2. Terminology and Examples

In this section I illustrate how the front door criterion is fundamentally different from the instrumental variables approach and also introduce some additional terminology in the context of $2$ examples.

An Introductory Example

The front door criterion has been used without a name in the economics literature since at least the early 1990’s in the form of Blanchard, Katz, Hall and Eichengreen (1992)‘s work on macro-laboreconomics. Cohen and Malloy (2010) execute one of the cleanest quasi-experiments using this approach. These authors are in interested in the effect of social ties on congressional voting outcomes. In the example below, I outline their experimental design and discuss their results:

Example (Social Ties and Congressional Voting): Do social ties between U.S. senators affect their voting behavior? For example, when a senator from another state has an important bill to pass, are congressmen who attended the same college more likely to vote in favor of the bill? Cohen and Malloy (2010) find this exact result.

More precisely, that authors find that the $\%$ of senators in congressman $i$ ‘s alumni network that vote for a given bill predicts congressman $i$ ‘s voting behavior on the bill. So, for example, consider the voting behavior of senator $i$ who attended Harvard. The result reads that senator $i$ is more likely to vote yes on the bill when $90\%$ of the other congressmen who have a tie to Harvard vote “yes” on a bill relative to when only $10\%$ do.

What’s more, this social network effect on congressman $i$ ‘s voting decisions is increasing in the strength of network. So, for instance, senators that attended the same school at the same time have more correlated votes than senators that just went to the same school. Finally, the results seem to be robust to school, ideology, time period and senator fixed effects.

The trouble with interpreting the results above is that school choice is not an exogenous variable. For instance, students who chose to go to UC Berkeley in the 1960’s were very different that those that chose to go to the University of Alabama during the same period. It could be that some omitted variable related to each senator’s upbringing is driving both school choice and voting decisions. In order to solve this problem, Cohen and Malloy (2010) use the front door criterion by exploiting the fact that social ties between congressmen work through discussion on the floor of the senate chamber (shown below).

Example (Social Ties and Congressional Voting, Ctd…): In order to get a few extra votes for an important bill, a congressmen might turn to the people sitting just to his left and right and try to convince them to vote his way. This coercion becomes increasingly hard the longer a senator must travel to get in a few quiet words with his colleague. Importantly, the seating is strictly assigned with senior senators getting the best seats and rookie senators getting whatever seats are left over.
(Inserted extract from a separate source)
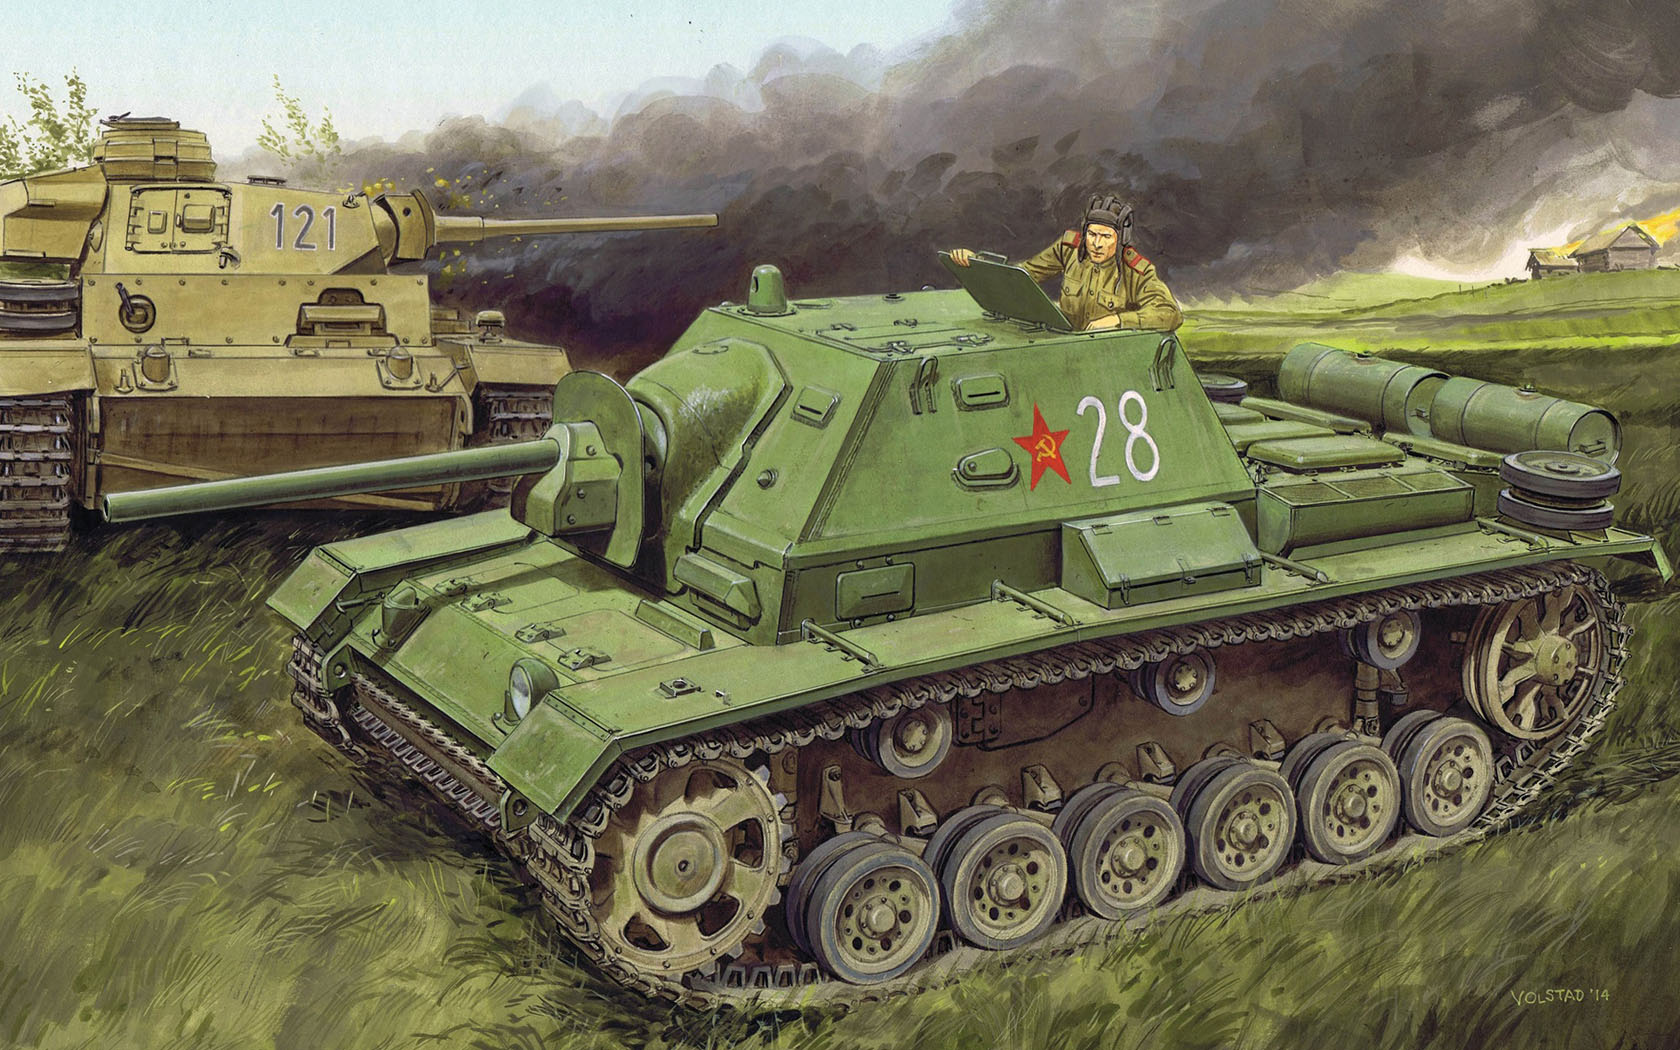 General 1680x1050 tank army military military vehicle artwork grass signature men soldier uniform smoke SU-76i Russian/Soviet tanks German tanks

Thus, the seating of rookie senators is randomized.

Cohen and Malloy (2010) find that within the group of rookie senators the congressmen who were randomly assigned a seat which was closer to school mates had more correlated voting outcomes.

Map of the seating arrangement of the Senate chamber.

The key idea embedded in this example is that the Cohen and Malloy (2010) exploited exogenous variation in the treatment intensity rather than group assignment. If the authors had followed an instrumental variables approach and looked for exogenous variation in subject group assignment, they would have needed to find an instrument that randomly assigned future senators to different colleges at the age of $18$ –a near impossible task. The authors instead identify the pathway through which the social network treatment effect travels (i.e., quiet discussions in the congressional chamber during senate recesses.) and look for exogenous variation in how wide this channel is.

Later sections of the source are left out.